*** Opening of Given records ***
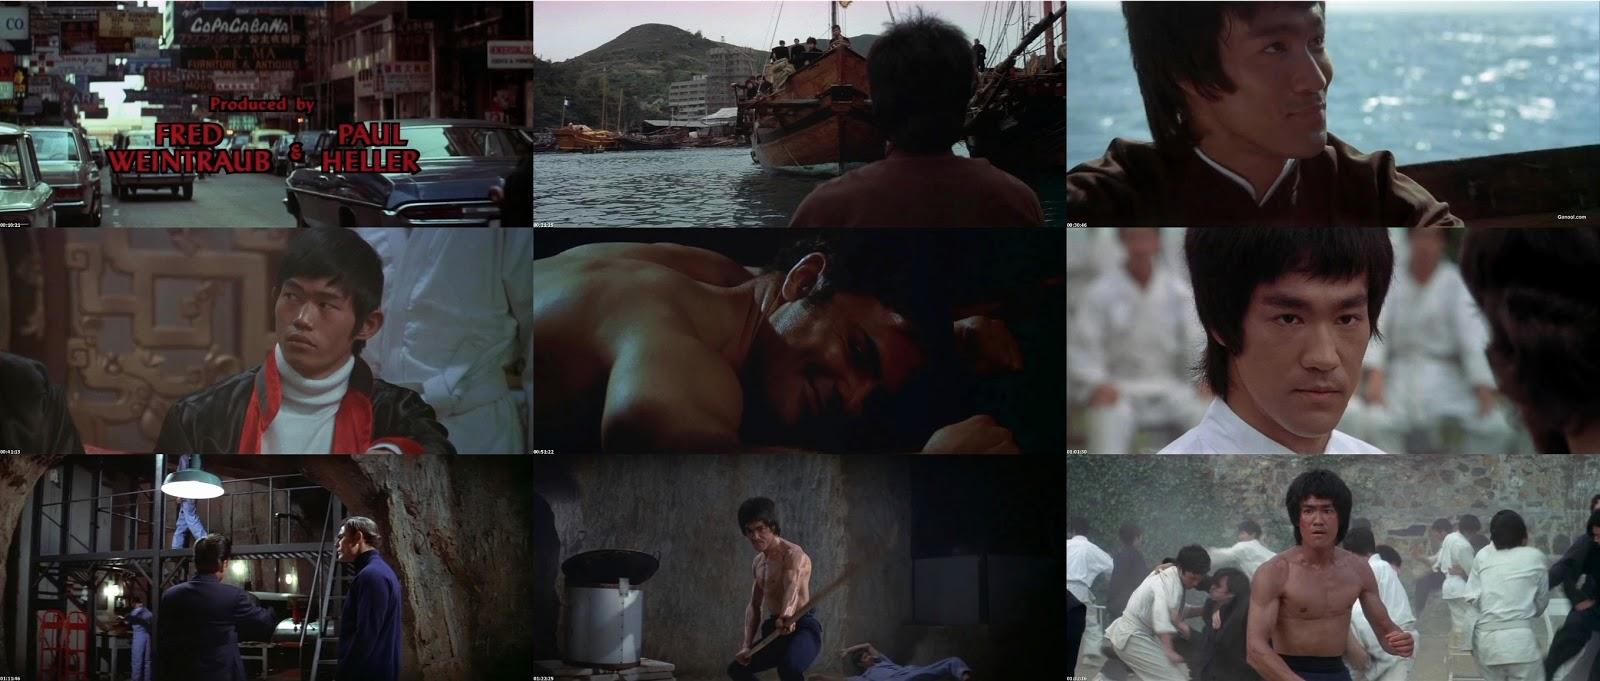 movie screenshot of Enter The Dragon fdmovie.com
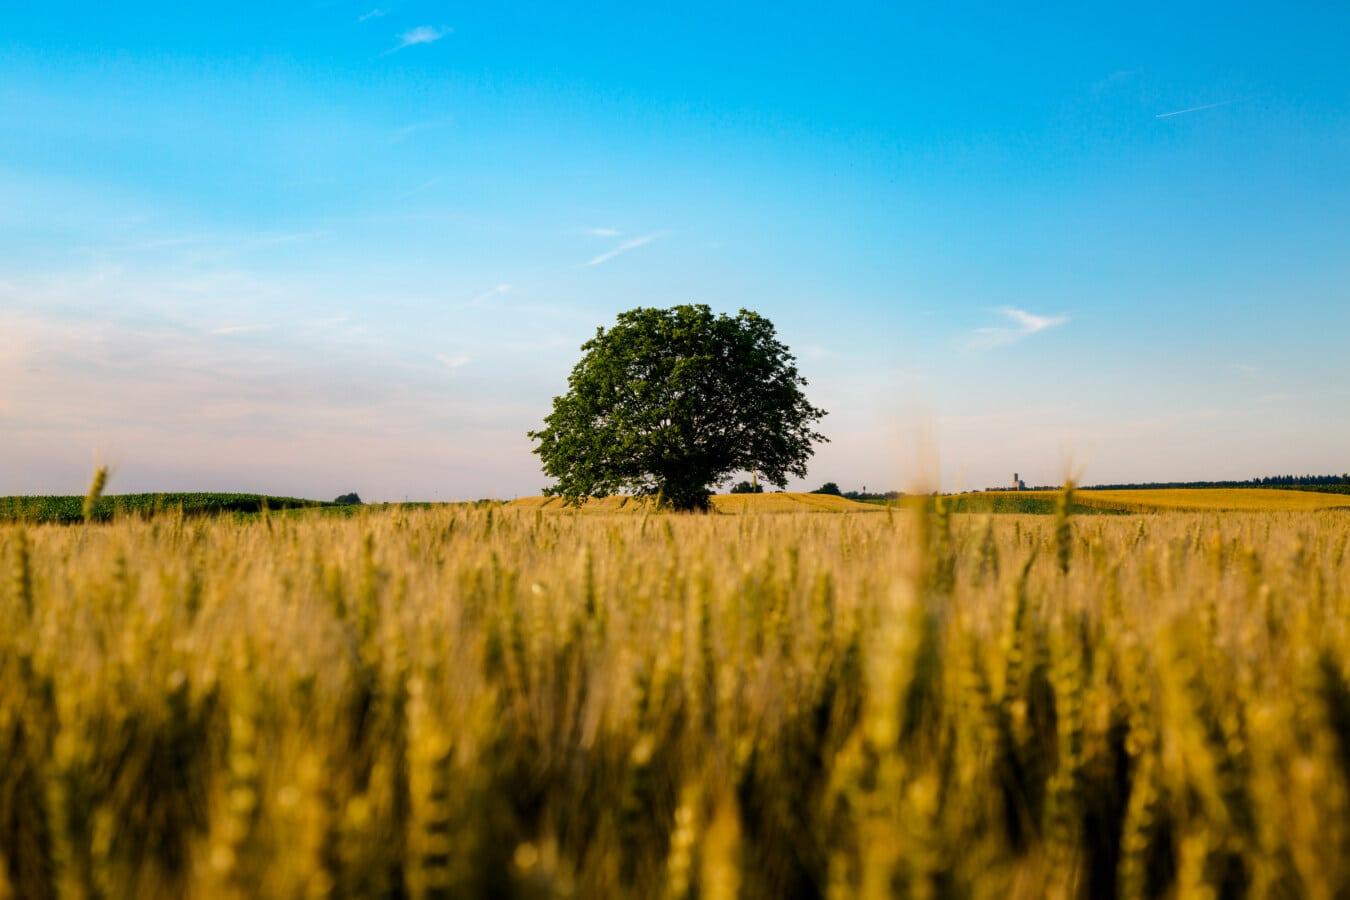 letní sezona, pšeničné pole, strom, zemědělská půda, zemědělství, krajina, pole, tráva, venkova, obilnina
*** Close of Given records ***
*** Opening of Given records ***
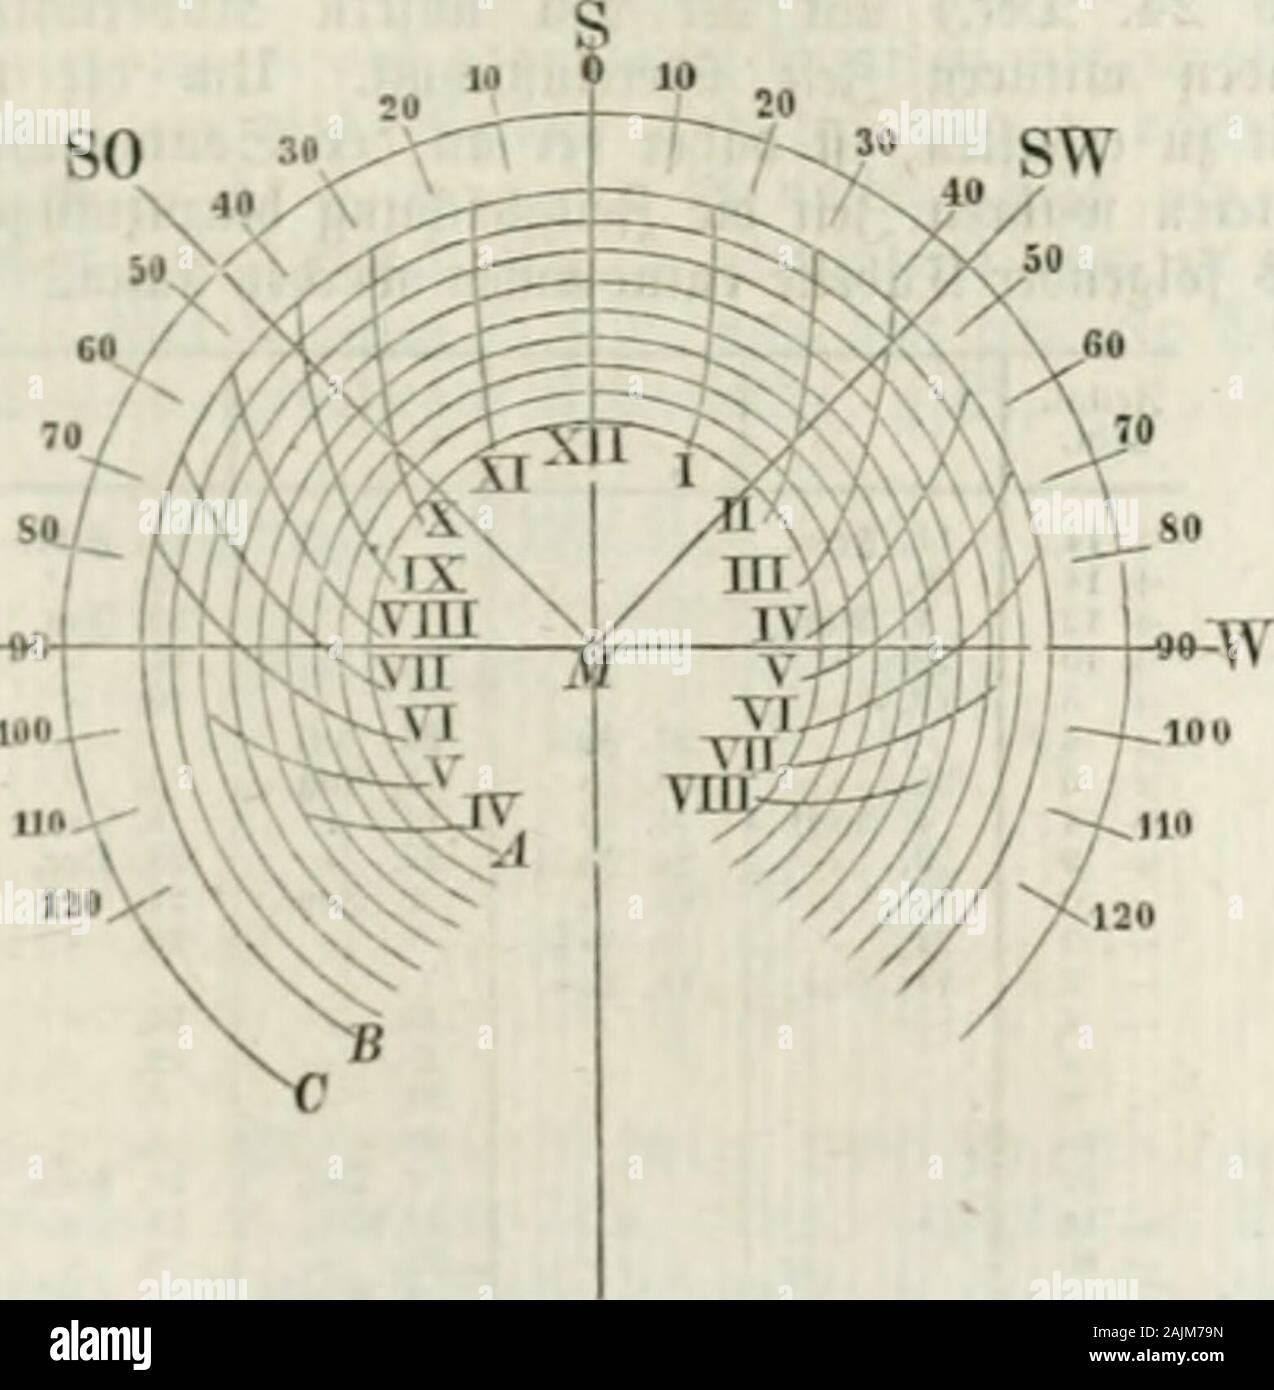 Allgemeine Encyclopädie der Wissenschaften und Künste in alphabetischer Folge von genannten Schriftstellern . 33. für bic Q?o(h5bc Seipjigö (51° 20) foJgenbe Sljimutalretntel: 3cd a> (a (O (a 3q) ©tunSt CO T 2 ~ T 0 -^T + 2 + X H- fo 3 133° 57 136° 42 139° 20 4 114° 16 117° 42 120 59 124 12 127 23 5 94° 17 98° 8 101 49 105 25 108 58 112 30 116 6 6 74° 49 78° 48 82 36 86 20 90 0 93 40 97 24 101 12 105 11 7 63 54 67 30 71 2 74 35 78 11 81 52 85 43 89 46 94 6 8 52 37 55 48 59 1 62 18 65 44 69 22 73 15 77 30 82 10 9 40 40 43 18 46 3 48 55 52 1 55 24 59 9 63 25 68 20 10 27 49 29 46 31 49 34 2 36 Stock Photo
*** Close of Given records ***
*** Opening of Given records ***
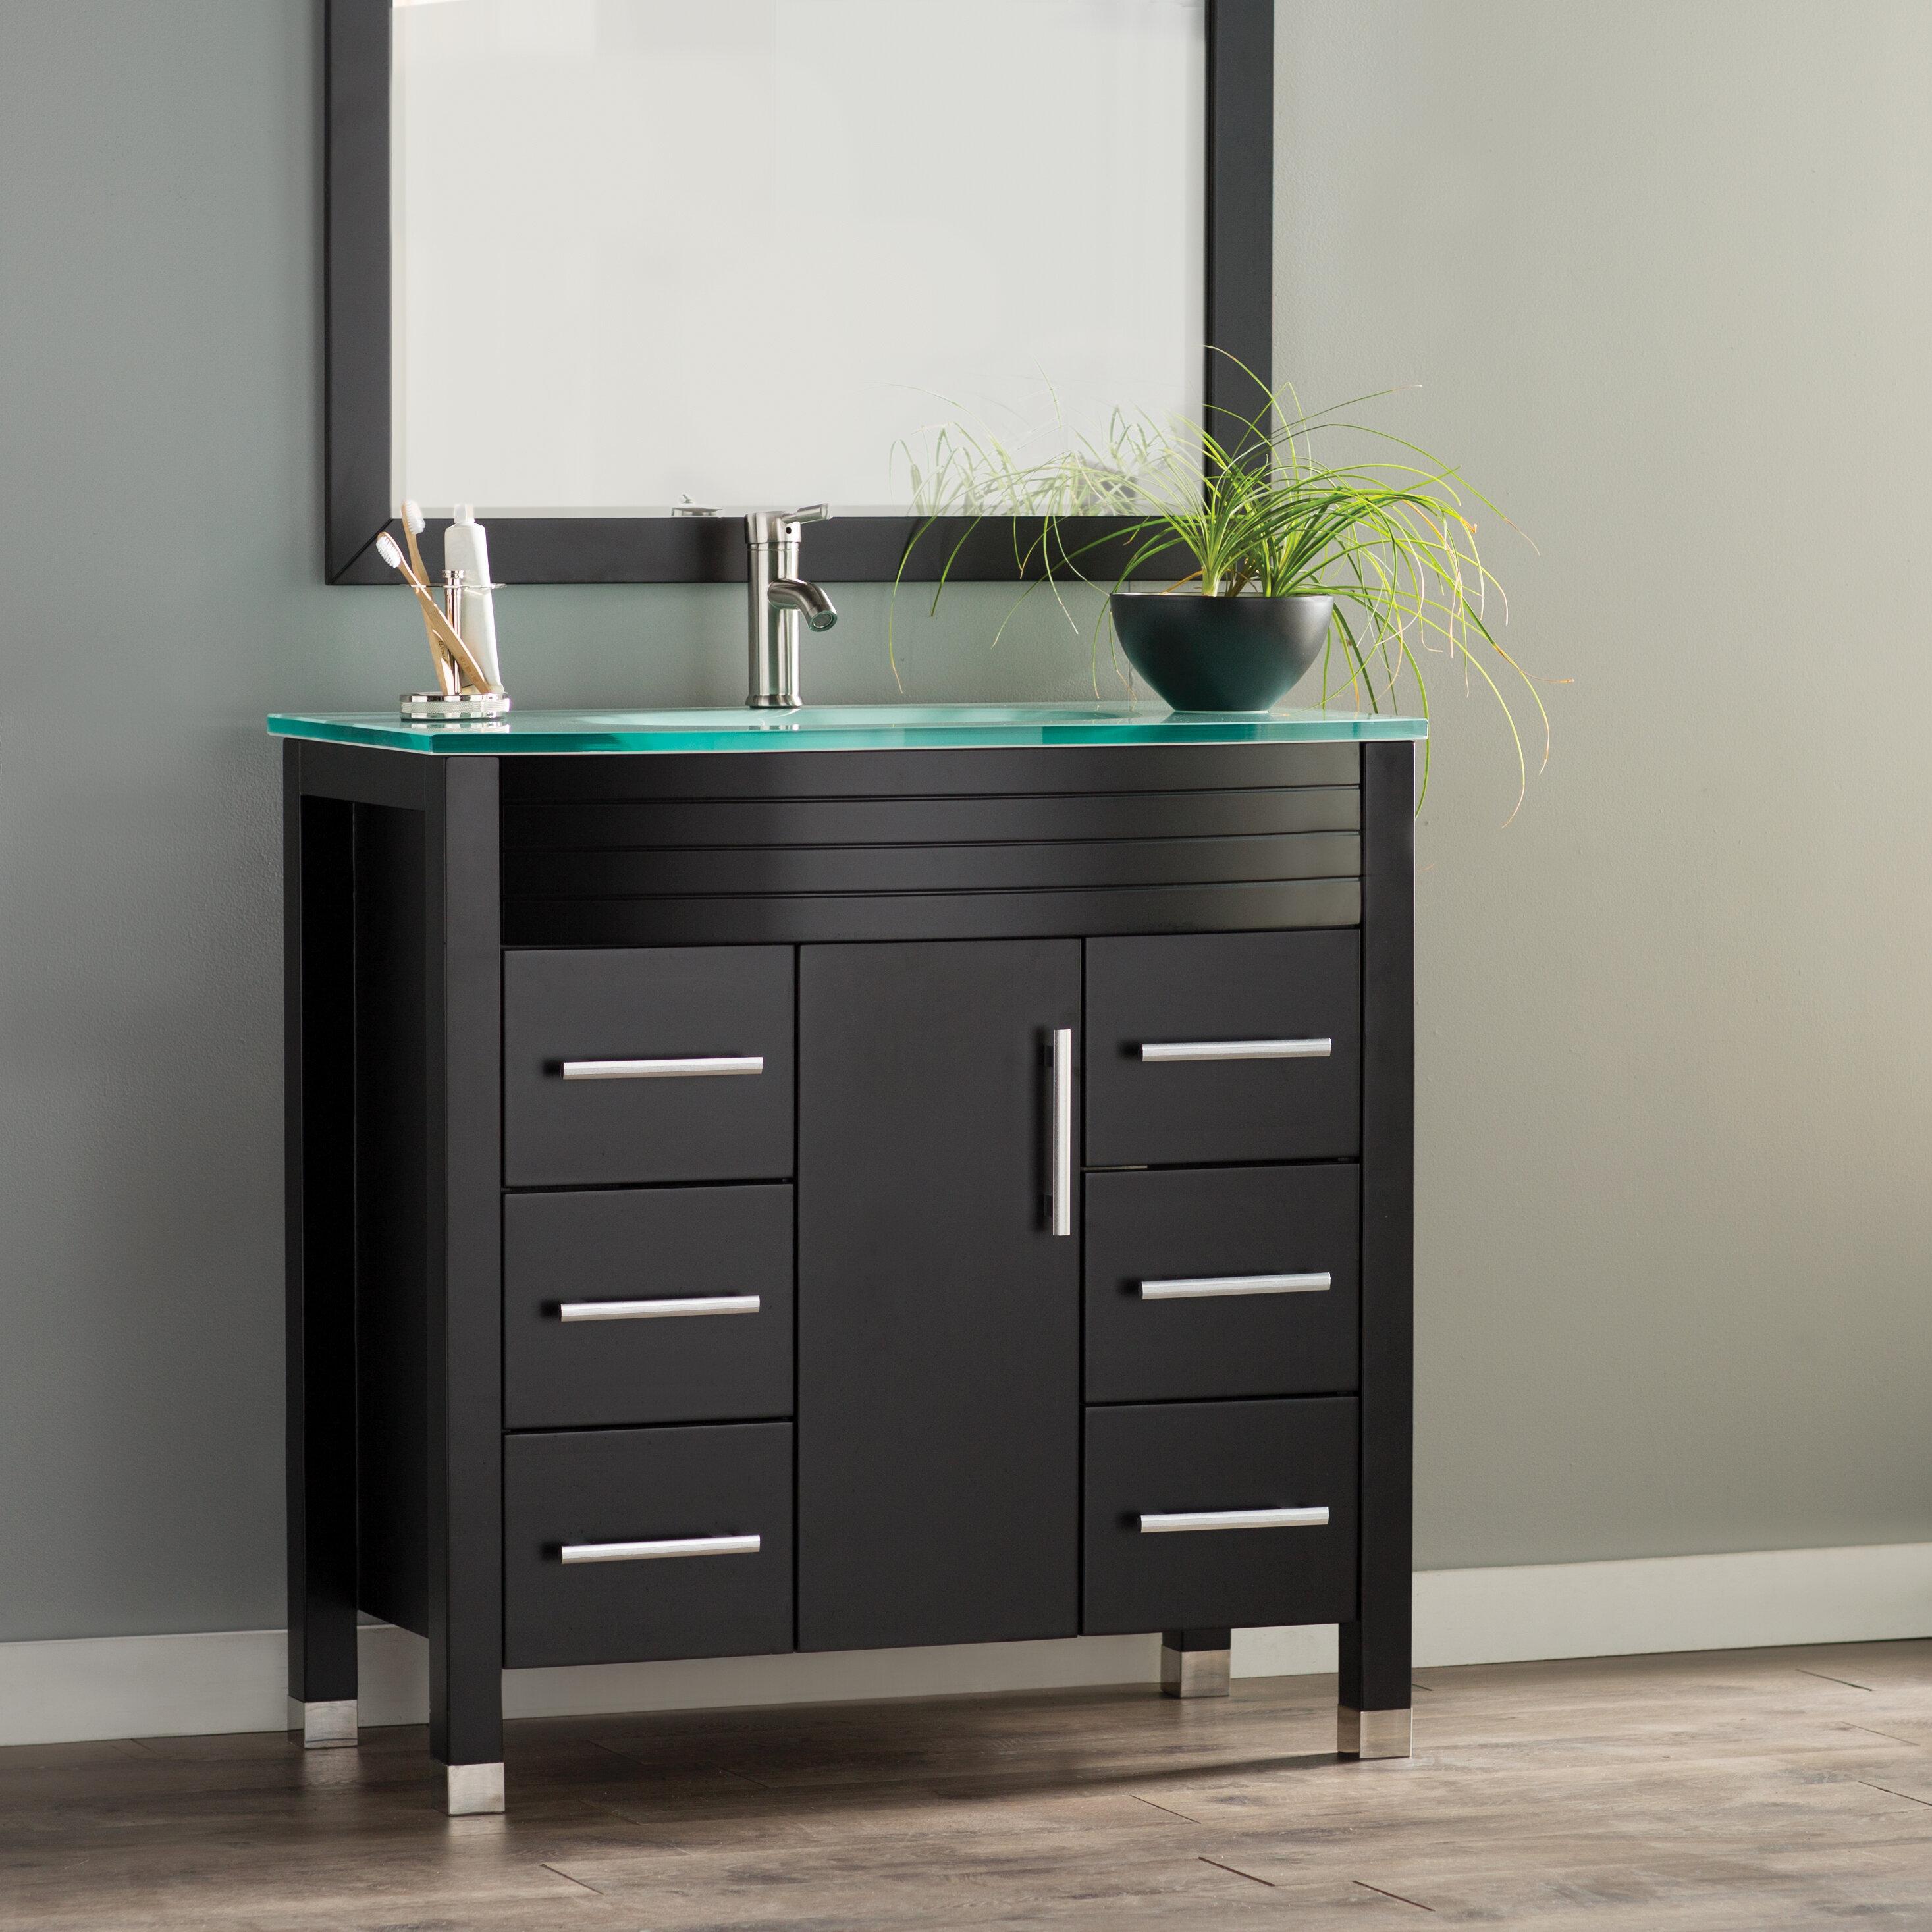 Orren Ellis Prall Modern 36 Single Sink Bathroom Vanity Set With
*** Close of Given records ***
Task goal: Both the line above containing "movie screenshot of" and the line containing "letní sezona, pšeničné" belong in the copy, along with every line between them; print these exactly and omit the pictures.

Exercise output:
 movie screenshot of Enter The Dragon fdmovie.com
 letní sezona, pšeničné pole, strom, zemědělská půda, zemědělství, krajina, pole, tráva, venkova, obilnina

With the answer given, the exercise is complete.